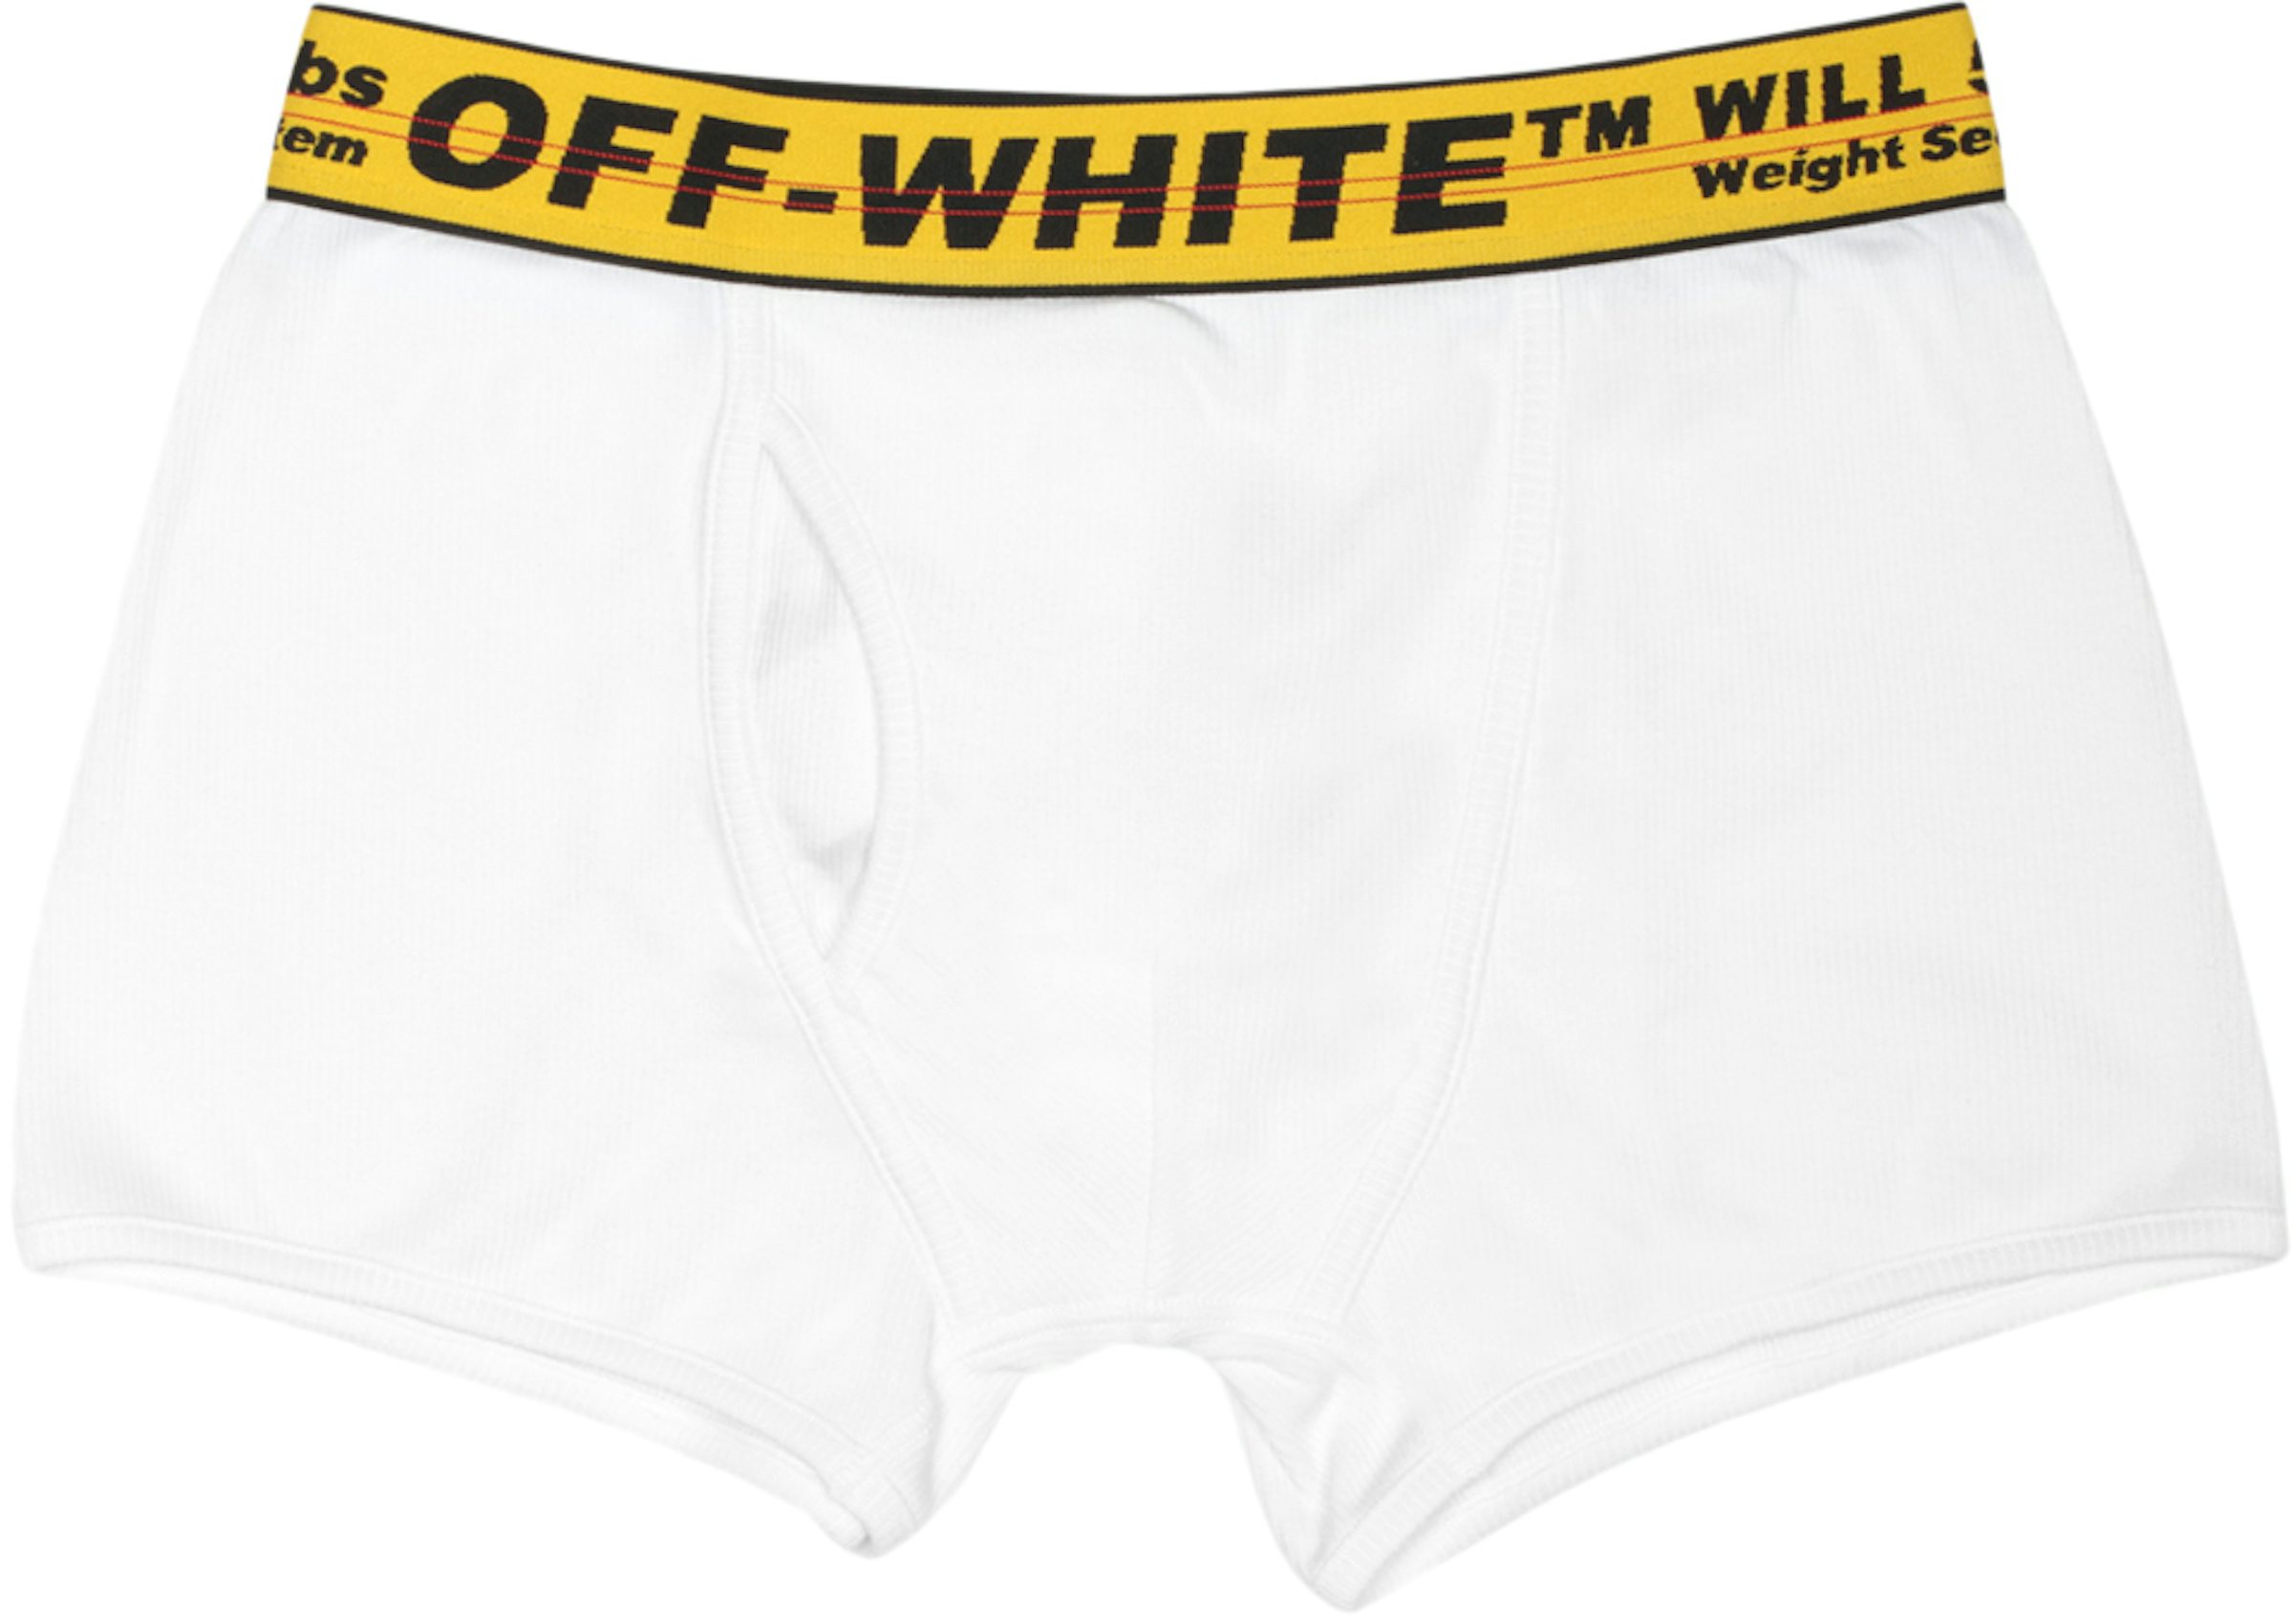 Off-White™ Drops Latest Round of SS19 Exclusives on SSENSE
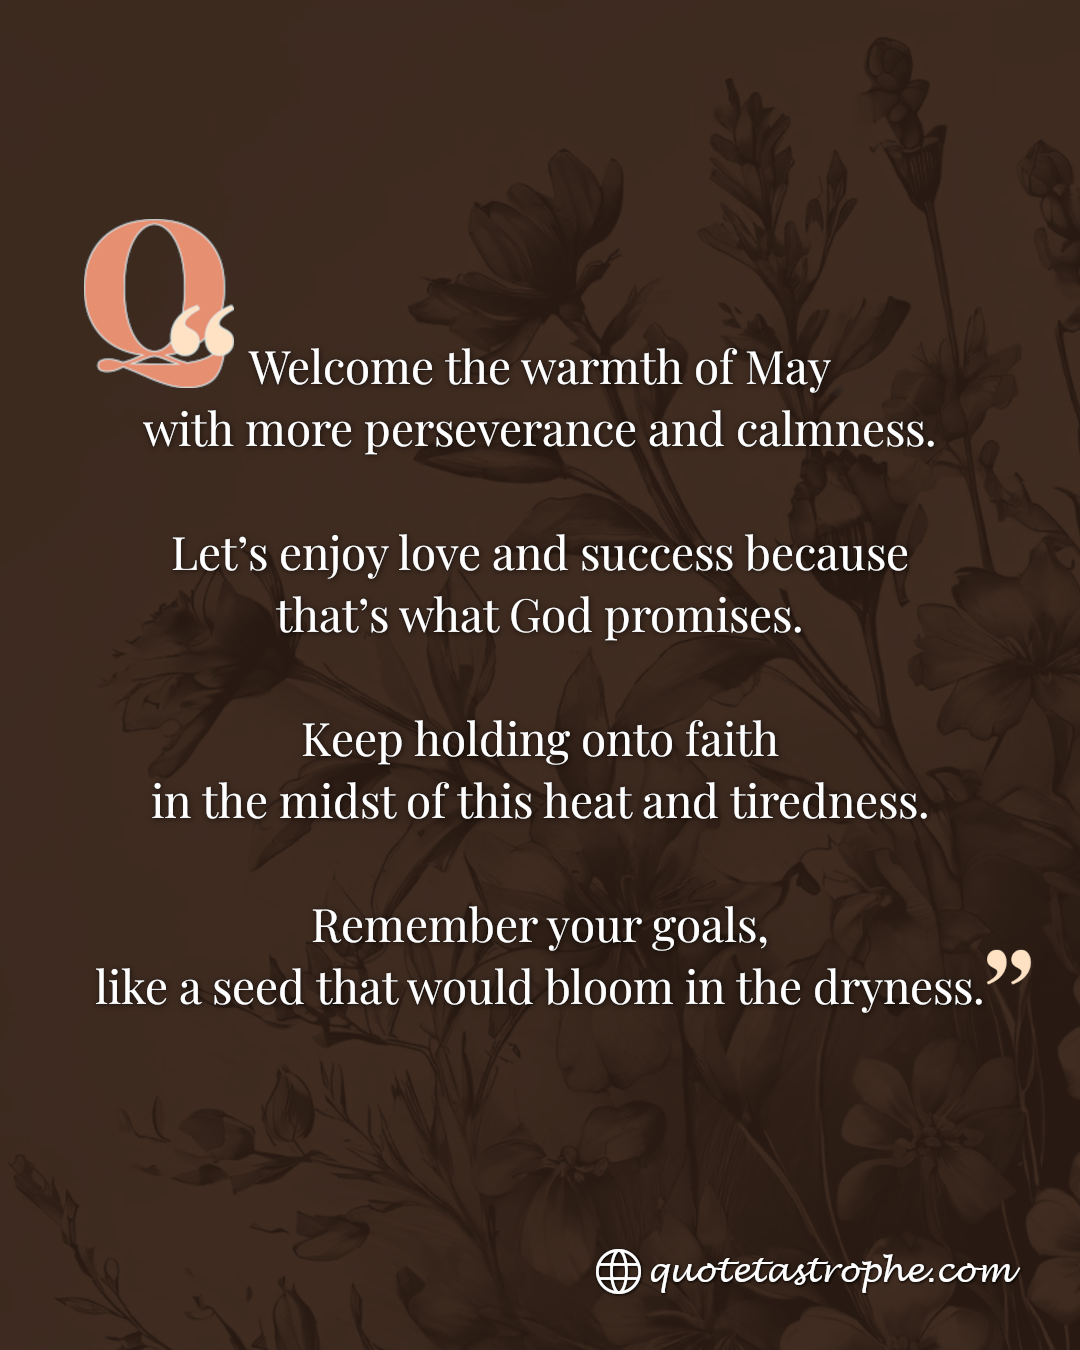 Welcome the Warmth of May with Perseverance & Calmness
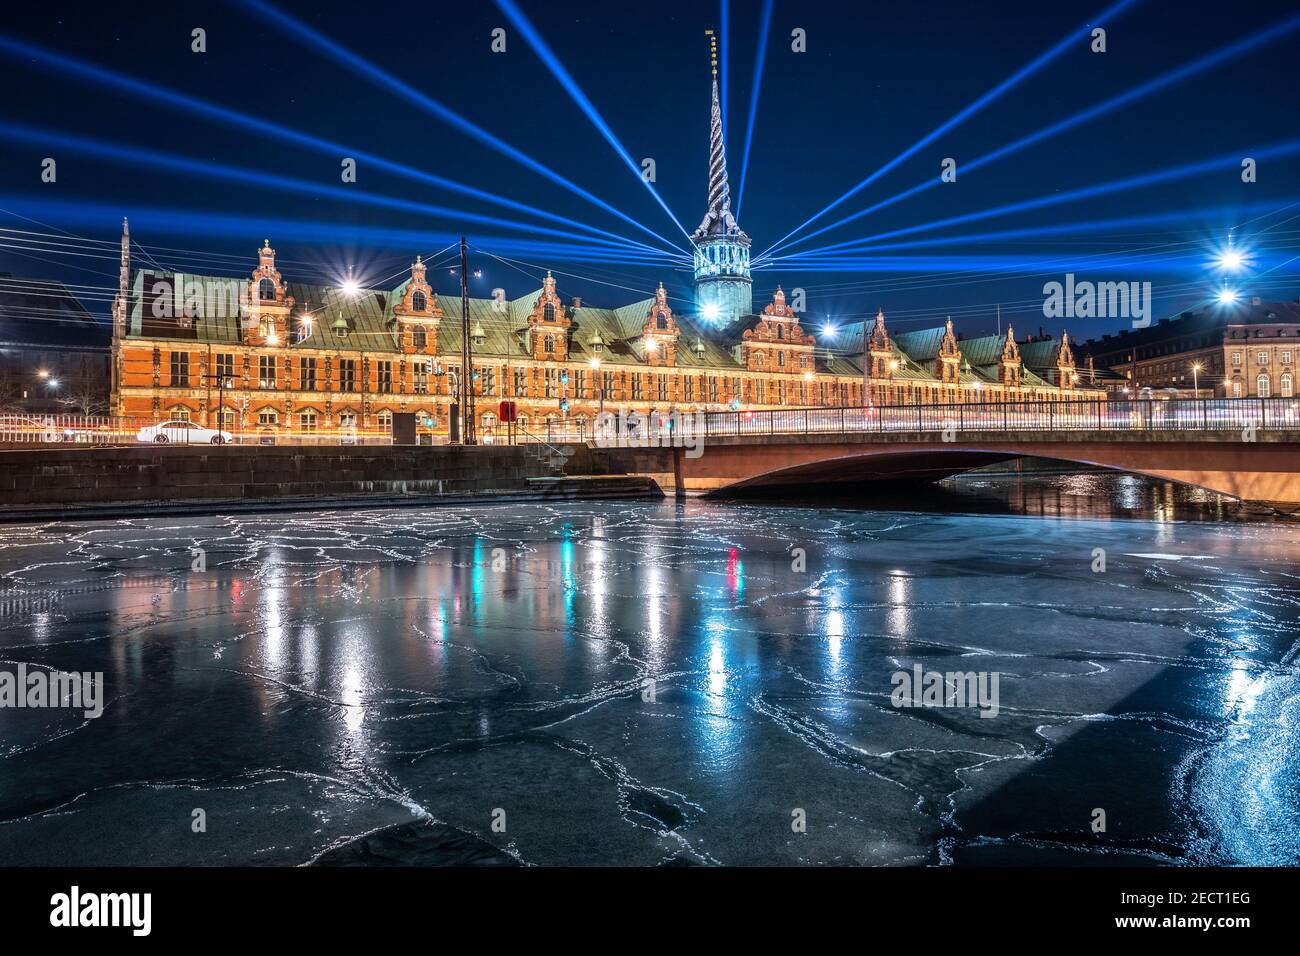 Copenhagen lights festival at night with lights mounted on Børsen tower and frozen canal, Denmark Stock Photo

▶ What is needed
With the pictures removed, repeat the listing above exactly as it stands.

▶ Problem solution
 Off-White™ Drops Latest Round of SS19 Exclusives on SSENSE
 Welcome the Warmth of May with Perseverance & Calmness
 Copenhagen lights festival at night with lights mounted on Børsen tower and frozen canal, Denmark Stock Photo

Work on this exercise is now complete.